The 4 module with ports is $us65 and out is stock because the current model is the 5. The 5 is $us80. The power supplies on the $us15 systems are undersized. Current minimum for 4&5 is 5a. I had to run 5a on my 3s to support octo and that was without any overclocking. Cooling is always the problem. Fans draw a lot of power.
Beelink has a $us130 unit that outperforms pi all day. Just no gpio. Won’t be much of a desktop but for a print server/file store … hard to beat.
I think we're detracting a bit from the subject... although for what it's worth, I can buy a Pi 4B (and yes, it is in stock) for AU$62 with a power adapter for AU$16.45, an SD card which is plenty big for AU$12, and the Raspberry Pi foundation have official models to print your own case so I don't think we need to figure that into the equation 🙂 for a total of about US$59. It's also going to use less power in operation so you're saving some money there and it's silent (unless you install a fan, but I haven't needed to). I think you can actually run OctoPi on an RPi Zero 2 W which is a little under half the price of a 4B bringing the total down to about US$39.
Your mini PC might run rings around a RPi in performance and functionality but the Pi is more than capable of running OctoPrint (I'm doing it on a 3B+!) and that's all we're looking for here.
7 hours ago, Slashee_the_Cow said:
Your mini PC might run rings around a RPi in performance and functionality but the Pi is more than capable of running OctoPrint (I'm doing it on a 3B+!) and that's all we're looking for here.

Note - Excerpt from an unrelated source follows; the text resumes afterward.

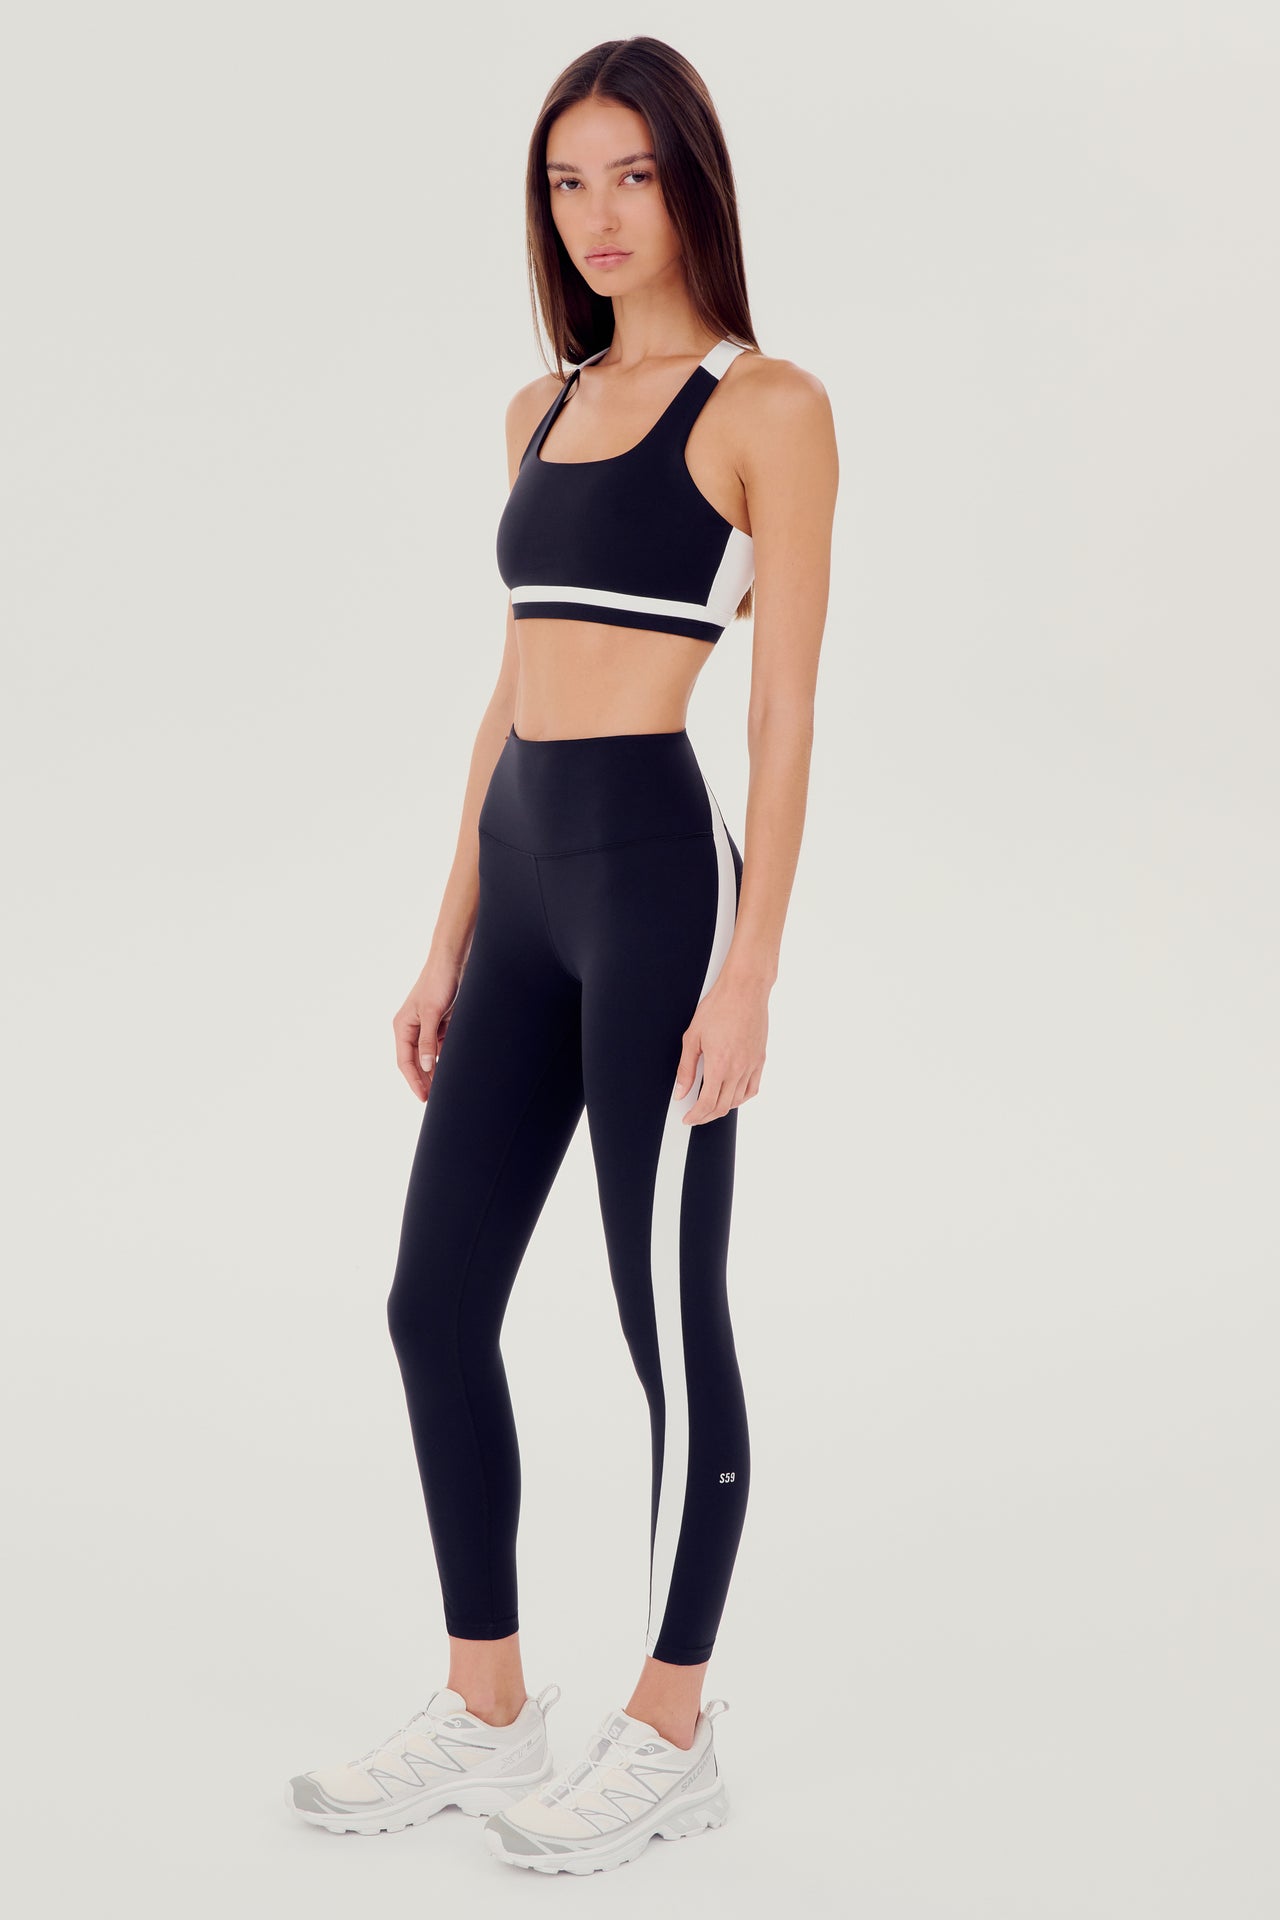 A woman wearing a black and white SPLITS59 Miles High Waist Rigor 7/8 sports bra and leggings suitable for yoga.

Same. Regular overheat with cooling. Not an issue. Will eventually add controllers (esp32) for enclosure via gpio. And will land on a 5 when I do that. I’m just not convinced the pi is right for normal people from a cost or complexity perspective.
4 hours ago, jaysenodell said:Same. Regular overheat with cooling. Not an issue. Will eventually add controllers (esp32) for enclosure via gpio. And will land on a 5 when I do that. I’m just not convinced the pi is right for normal people from a cost or complexity perspective.